DATA FOR ANALYSIS Block Start

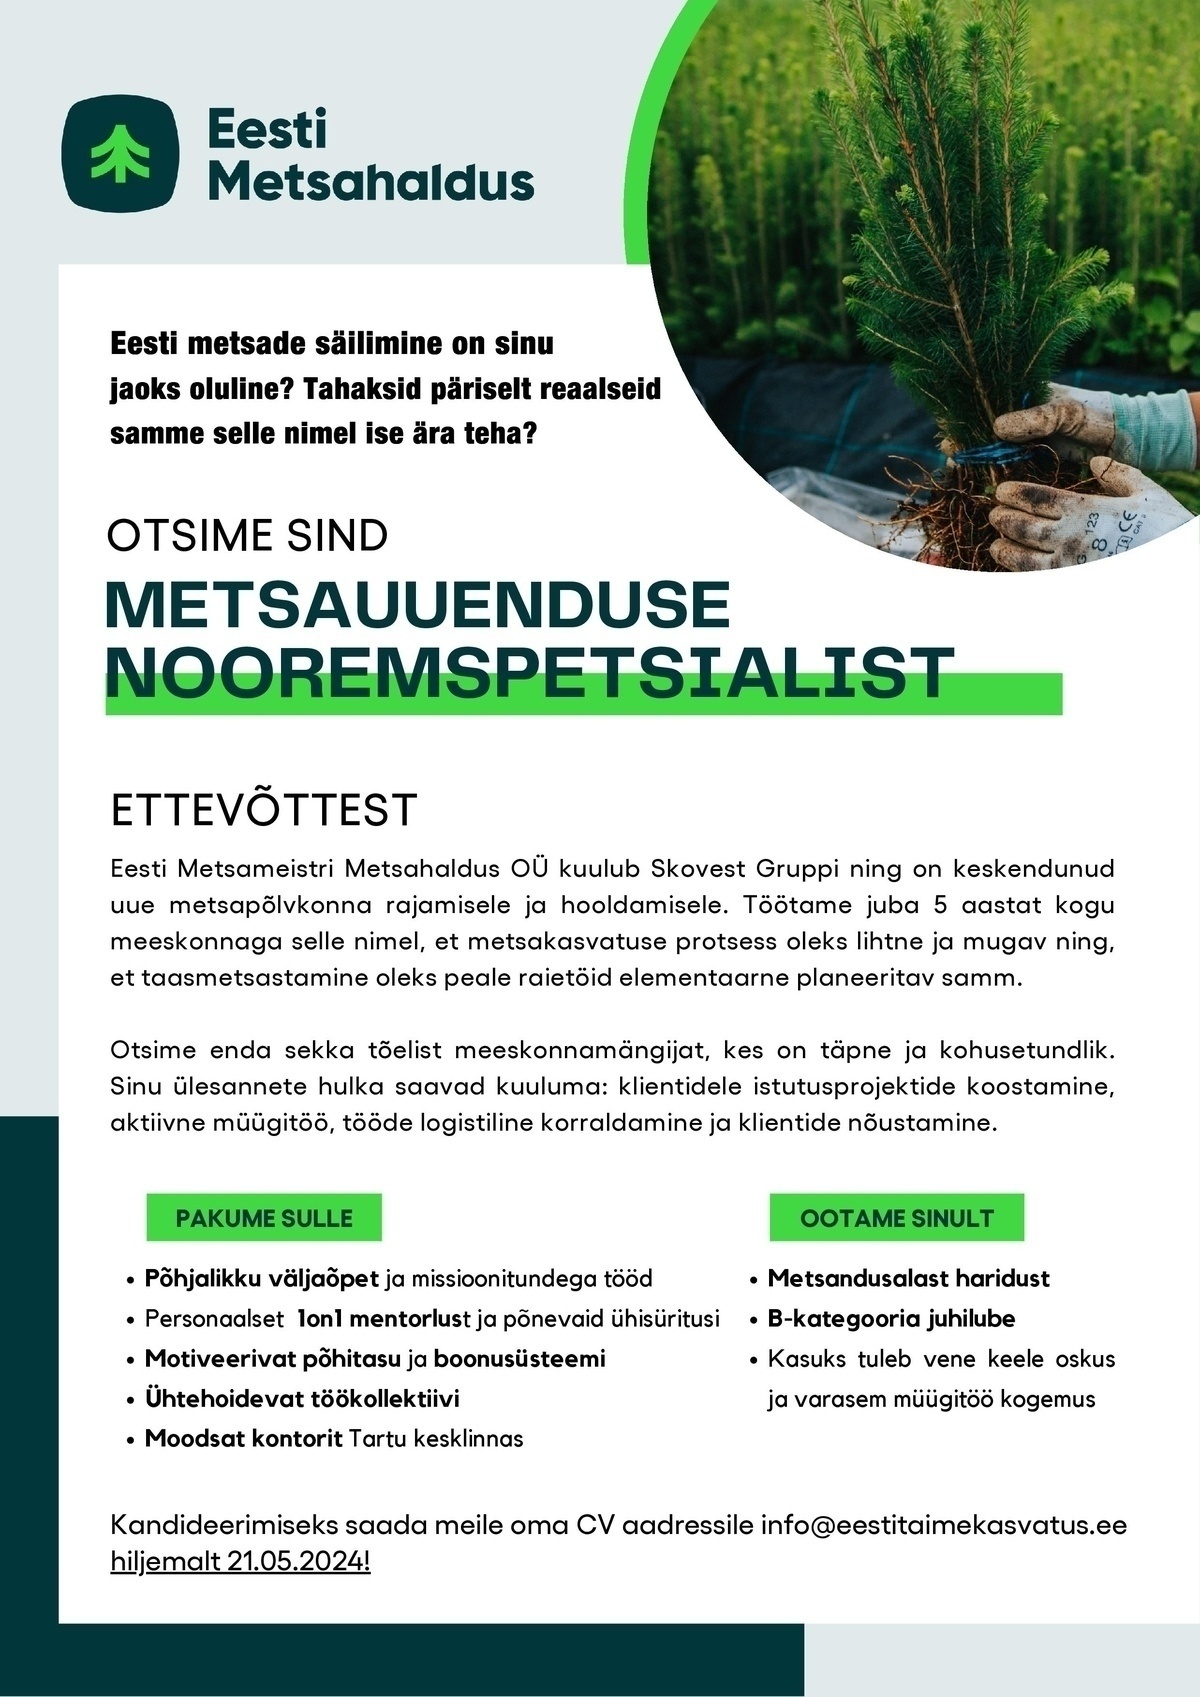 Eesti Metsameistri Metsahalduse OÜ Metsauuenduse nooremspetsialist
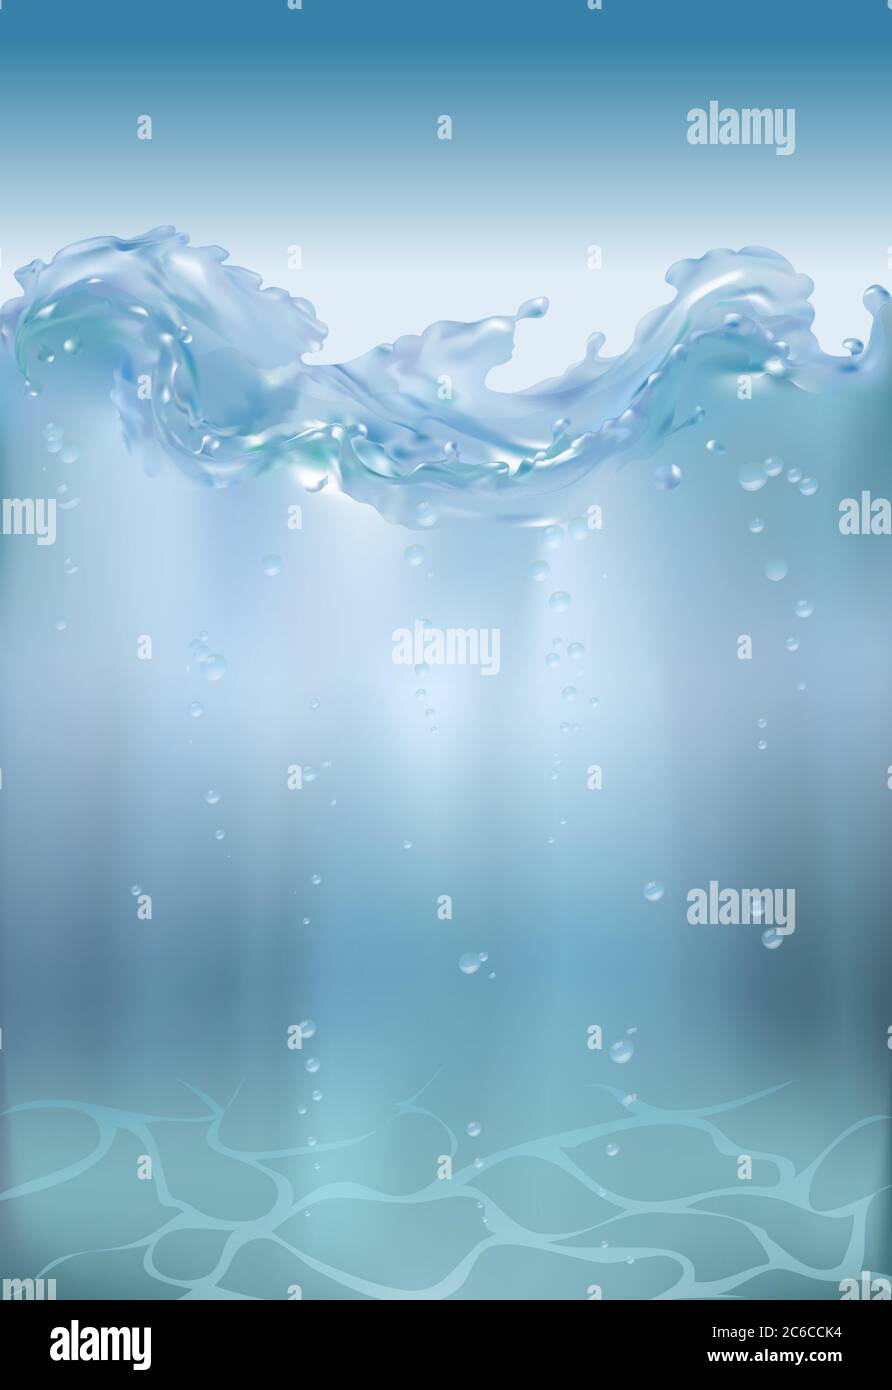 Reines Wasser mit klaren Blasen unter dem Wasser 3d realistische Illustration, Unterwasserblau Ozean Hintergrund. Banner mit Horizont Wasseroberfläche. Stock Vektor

DATA FOR ANALYSIS Block End
DATA FOR ANALYSIS Block Start

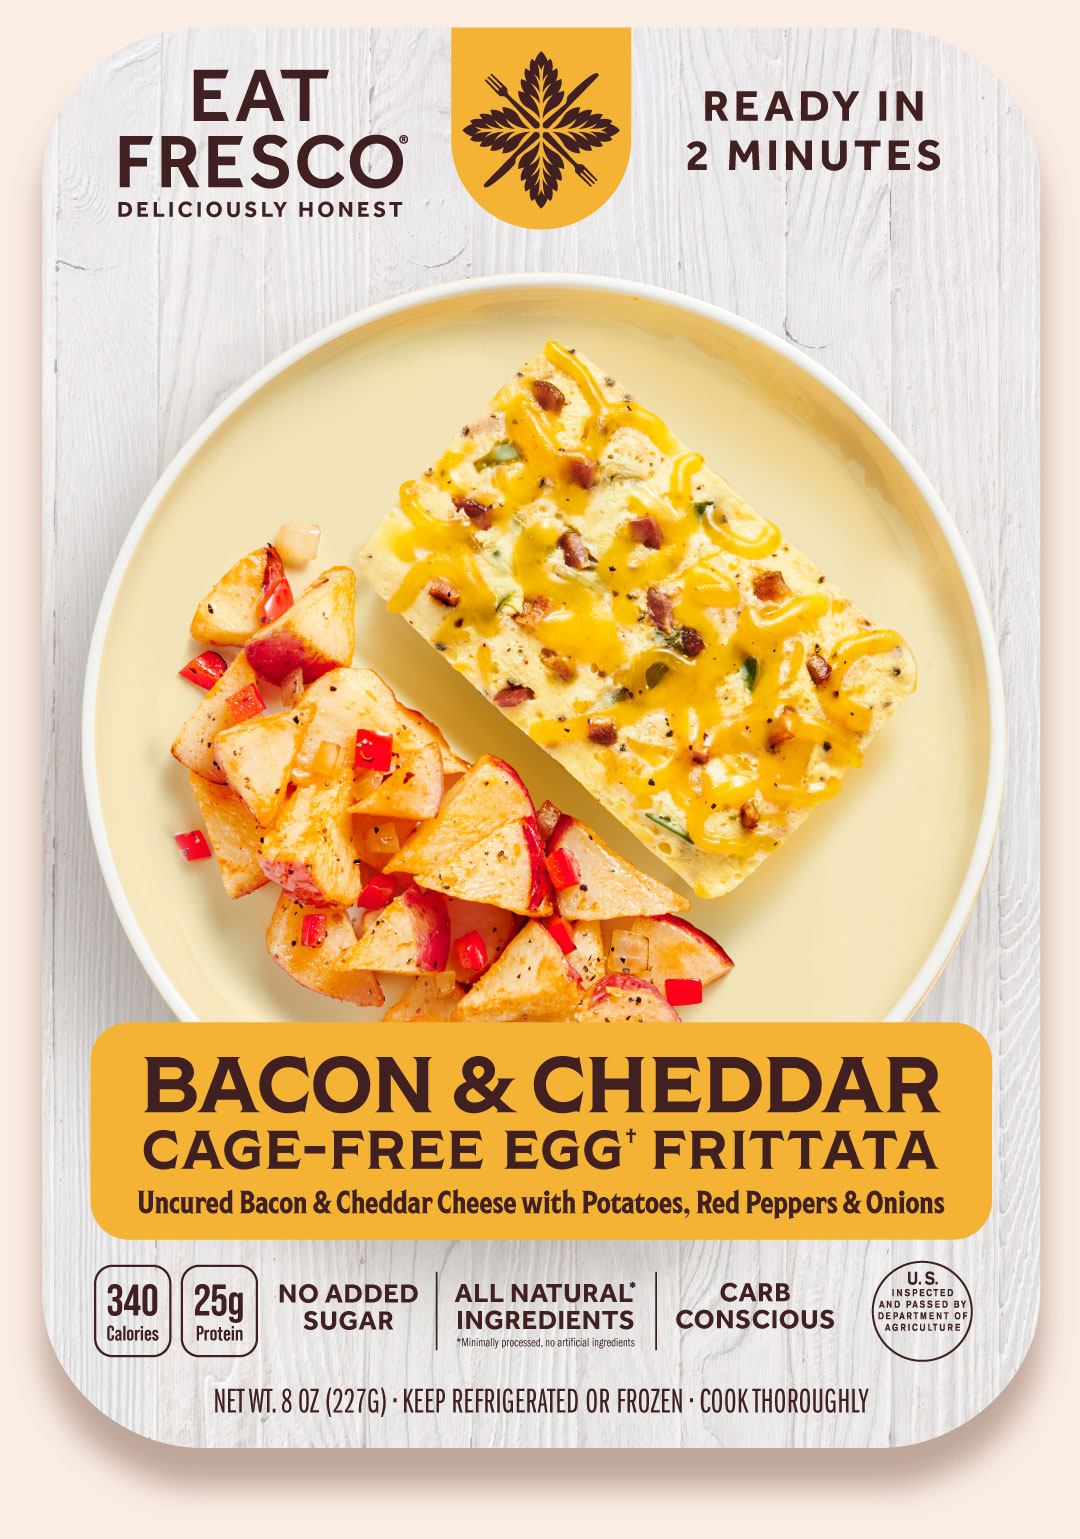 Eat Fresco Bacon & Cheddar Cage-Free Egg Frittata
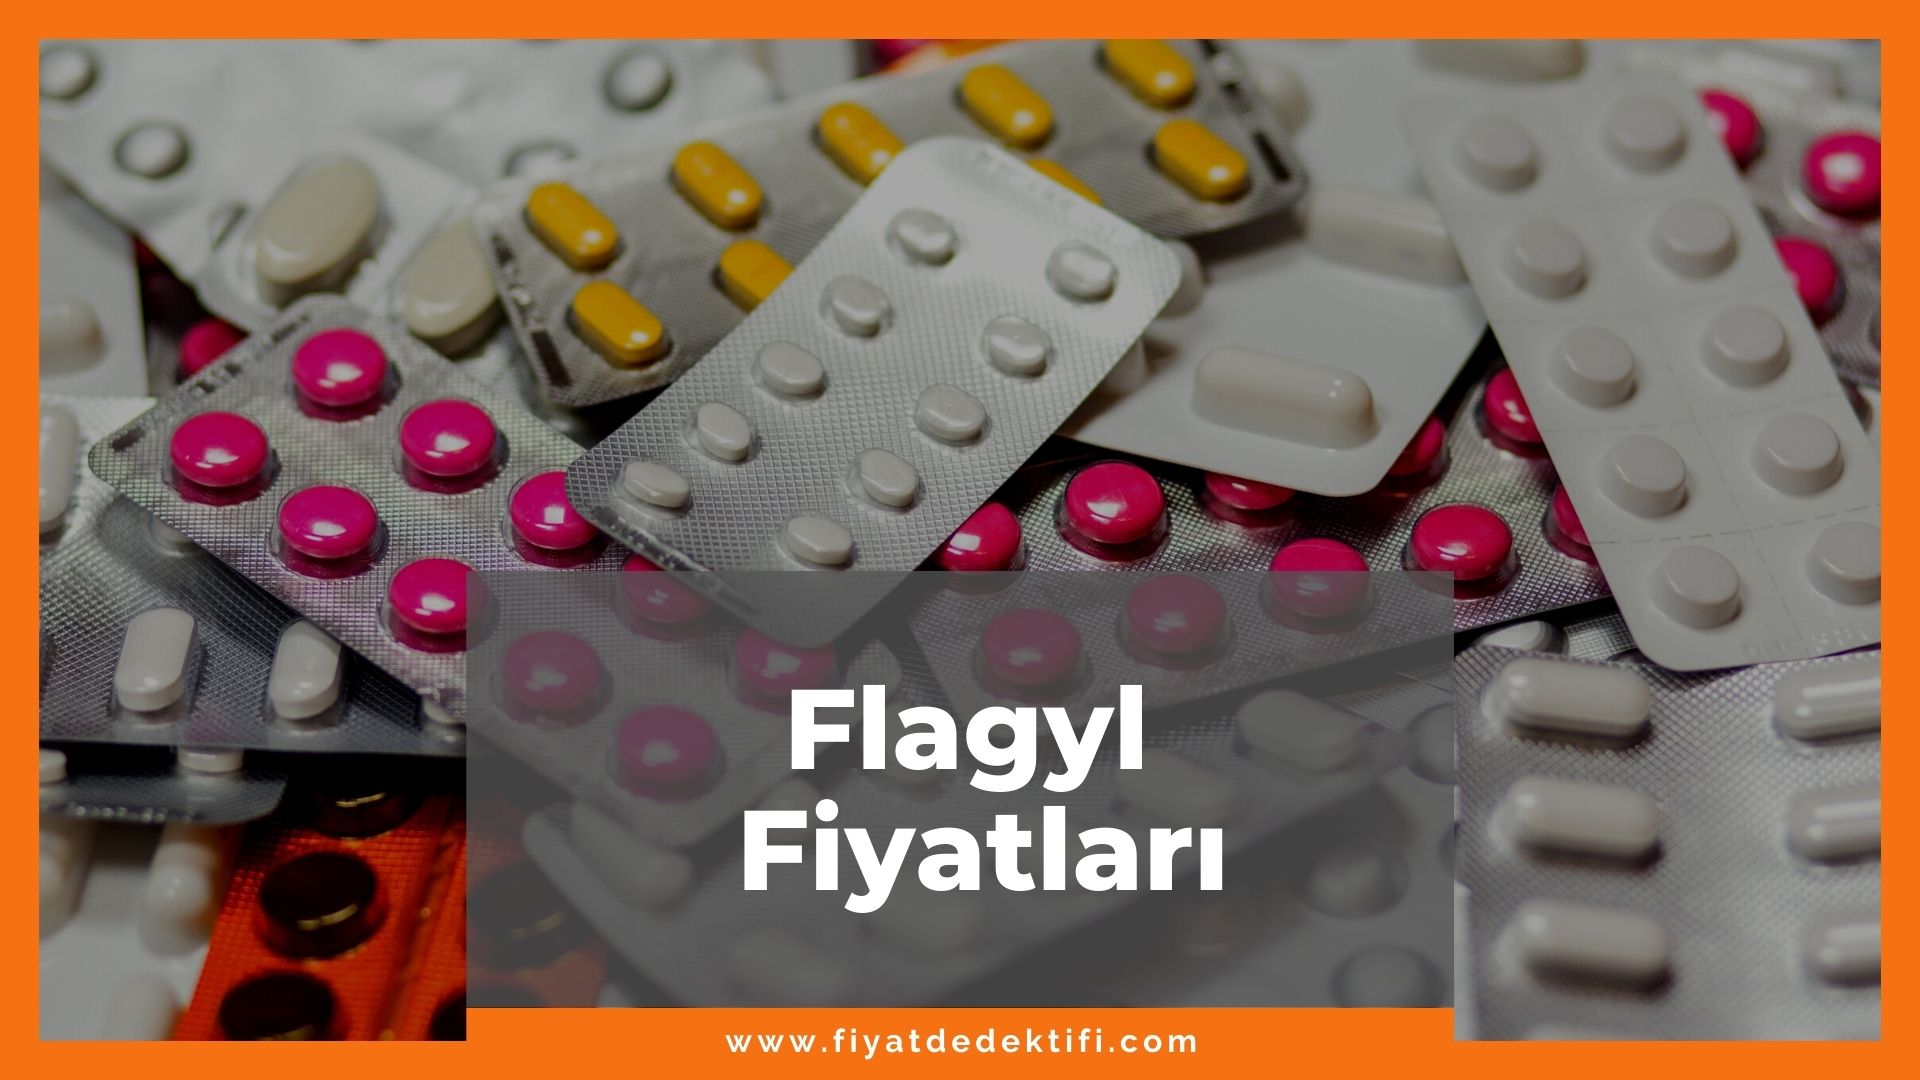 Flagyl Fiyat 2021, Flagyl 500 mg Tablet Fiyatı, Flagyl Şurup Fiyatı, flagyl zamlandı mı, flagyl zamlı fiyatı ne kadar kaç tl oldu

DATA FOR ANALYSIS Block End
DATA FOR ANALYSIS Block Start

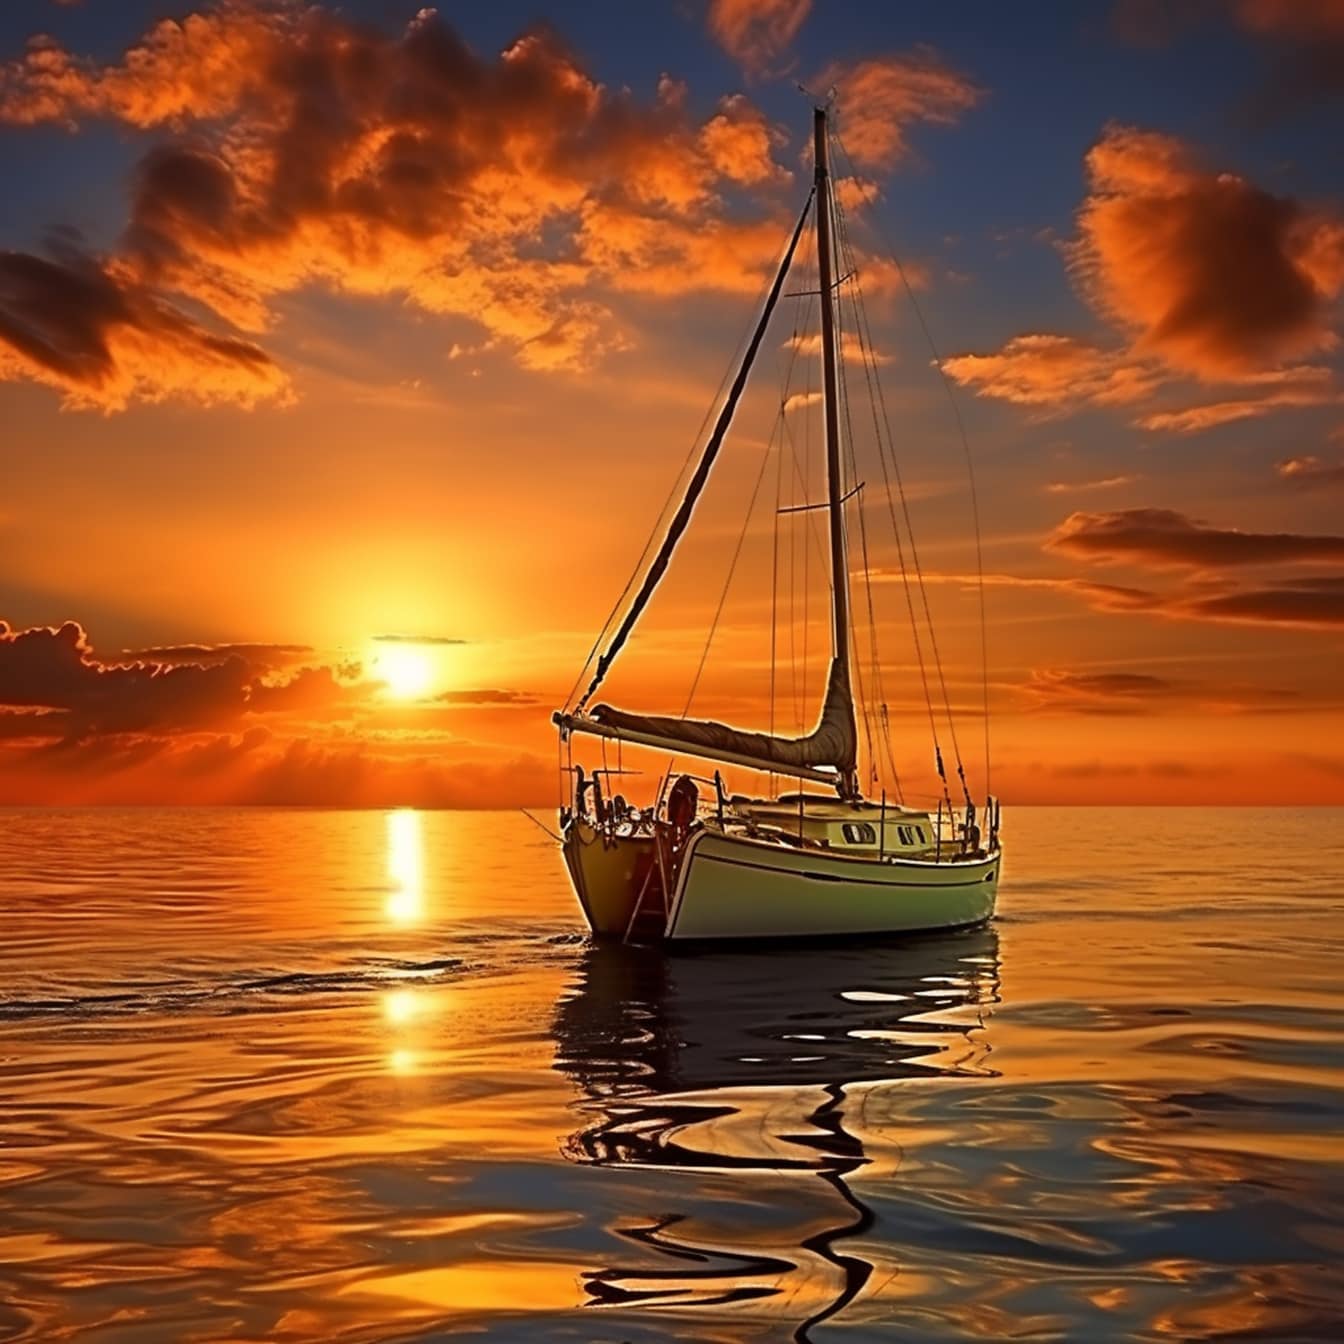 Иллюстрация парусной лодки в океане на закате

DATA FOR ANALYSIS Block End

- ABOUT THIS TASK: Reproduce the lines above beginning at the line that contains "Eesti Metsameistri Metsahalduse" and ending at the line that contains "Reines Wasser mit". No pictures.

- ANSWER TO THIS EXERCISE:
 Eesti Metsameistri Metsahalduse OÜ Metsauuenduse nooremspetsialist
 Reines Wasser mit klaren Blasen unter dem Wasser 3d realistische Illustration, Unterwasserblau Ozean Hintergrund. Banner mit Horizont Wasseroberfläche. Stock Vektor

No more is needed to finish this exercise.